*** Source data Section Begins ***
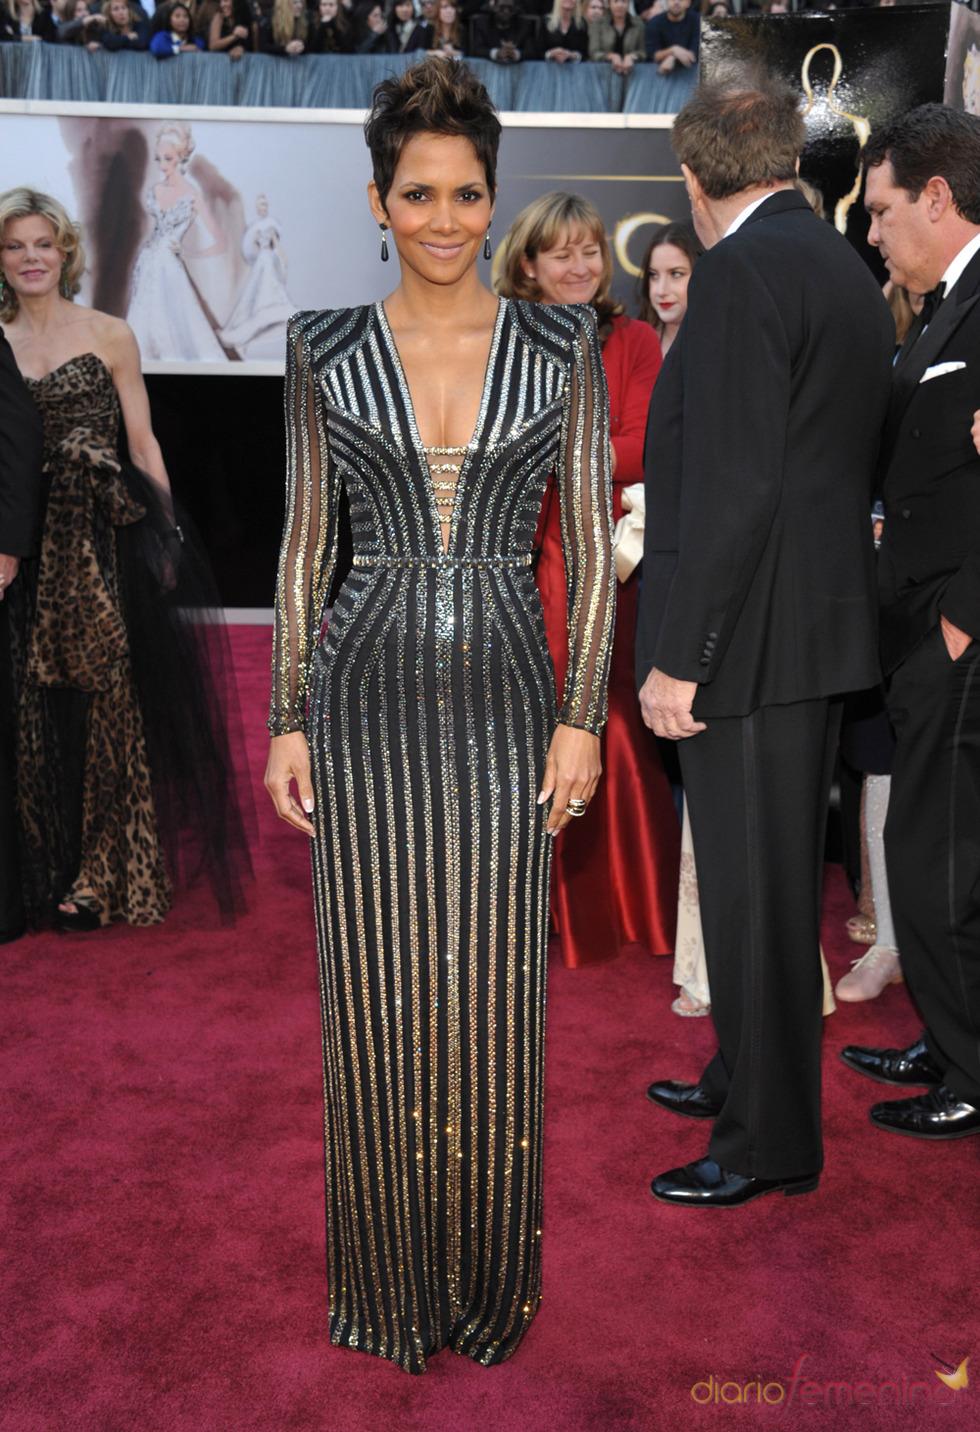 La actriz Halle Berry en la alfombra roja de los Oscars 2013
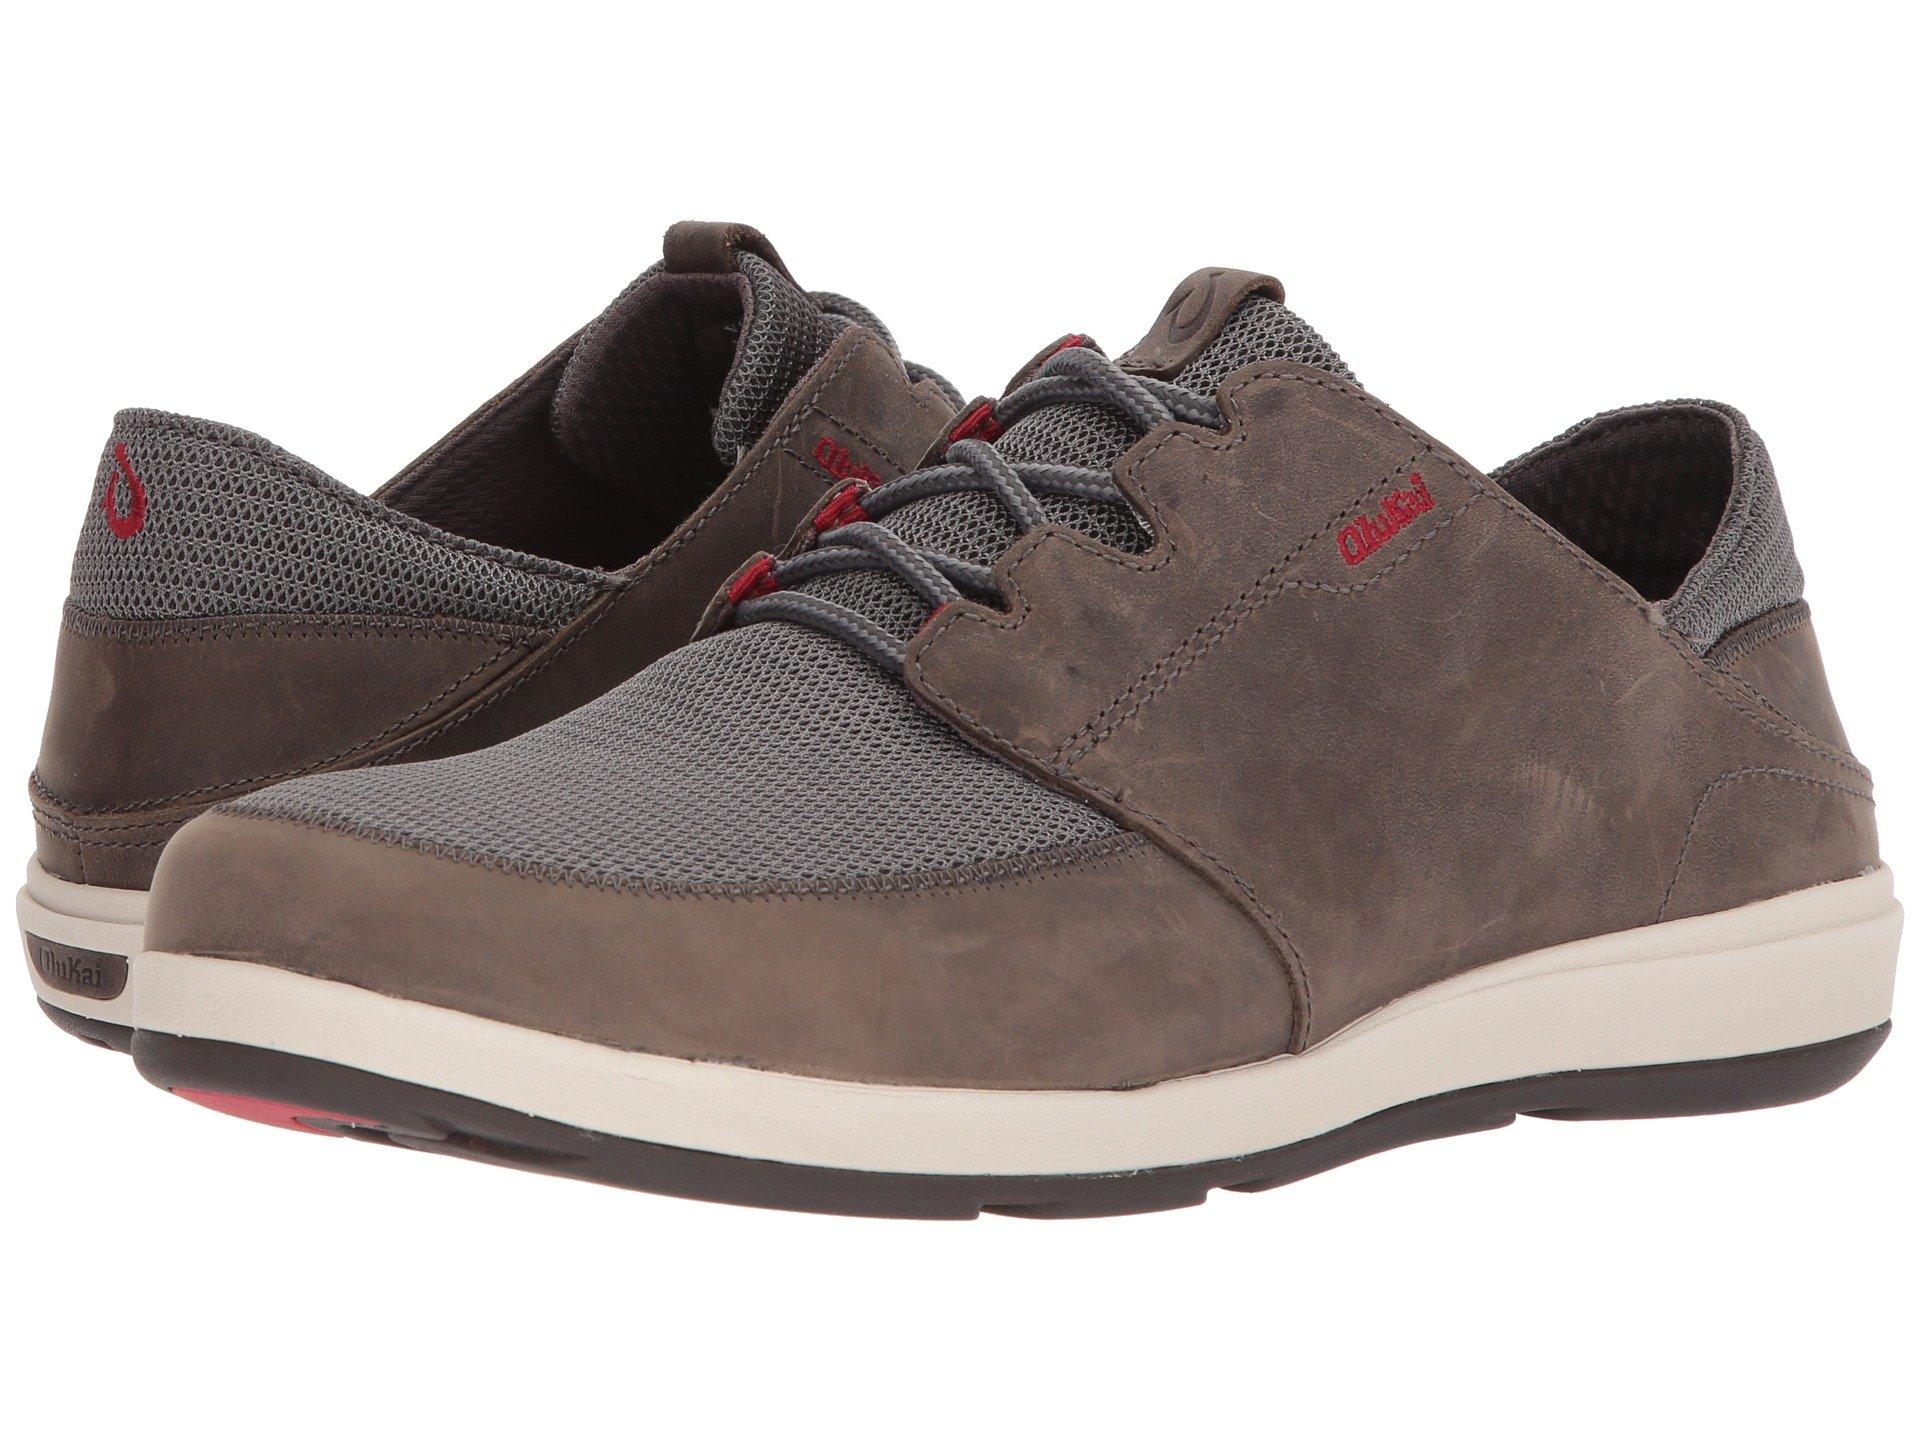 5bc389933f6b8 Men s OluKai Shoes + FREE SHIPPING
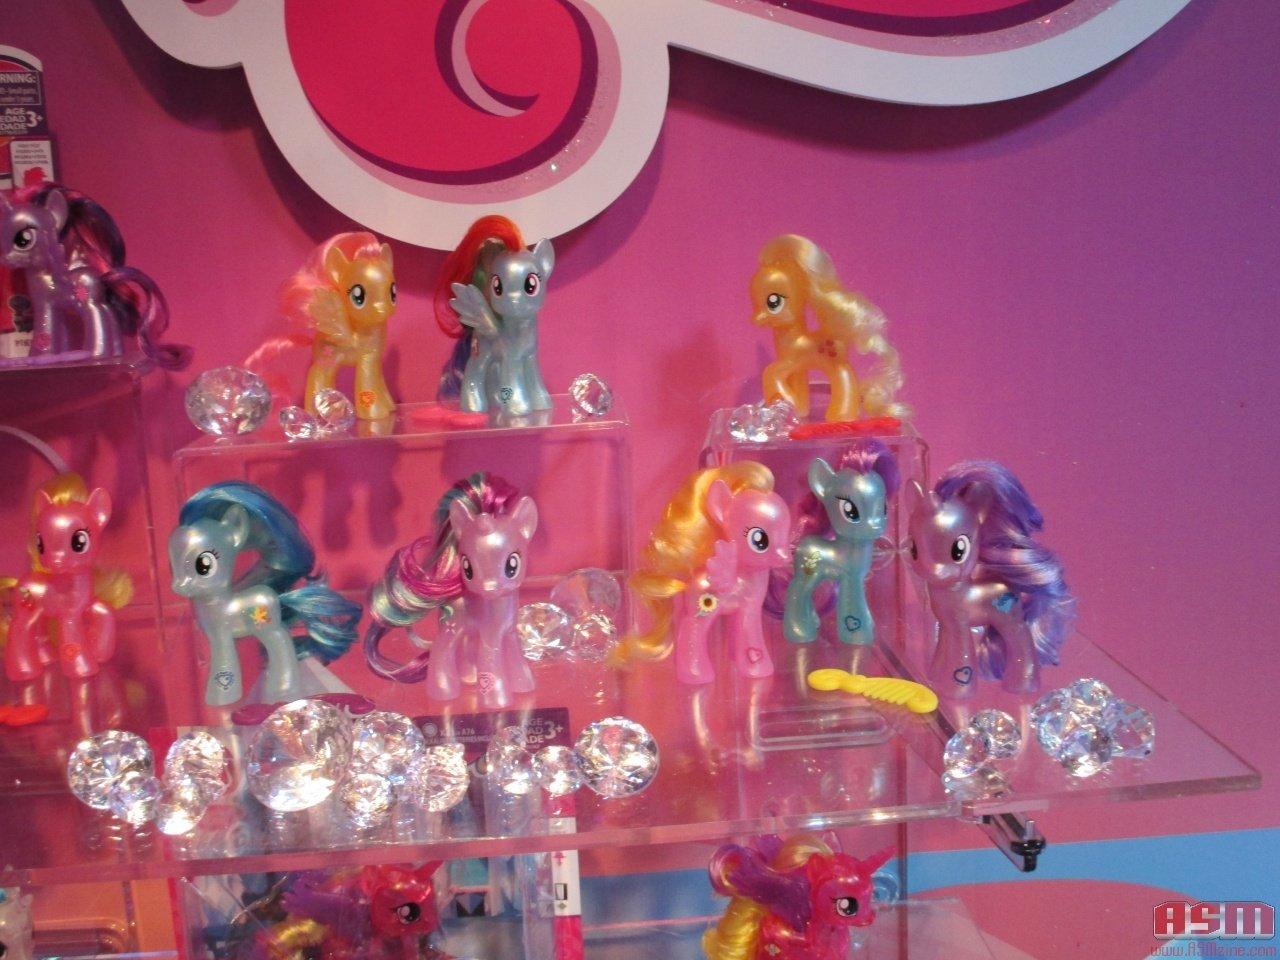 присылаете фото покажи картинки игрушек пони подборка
*** Source data Section Ends ***
Task description: From the first line to the last, repeat the data above exactly and leave the pictures out.

Written answer:
 La actriz Halle Berry en la alfombra roja de los Oscars 2013
 5bc389933f6b8 Men s OluKai Shoes + FREE SHIPPING
 присылаете фото покажи картинки игрушек пони подборка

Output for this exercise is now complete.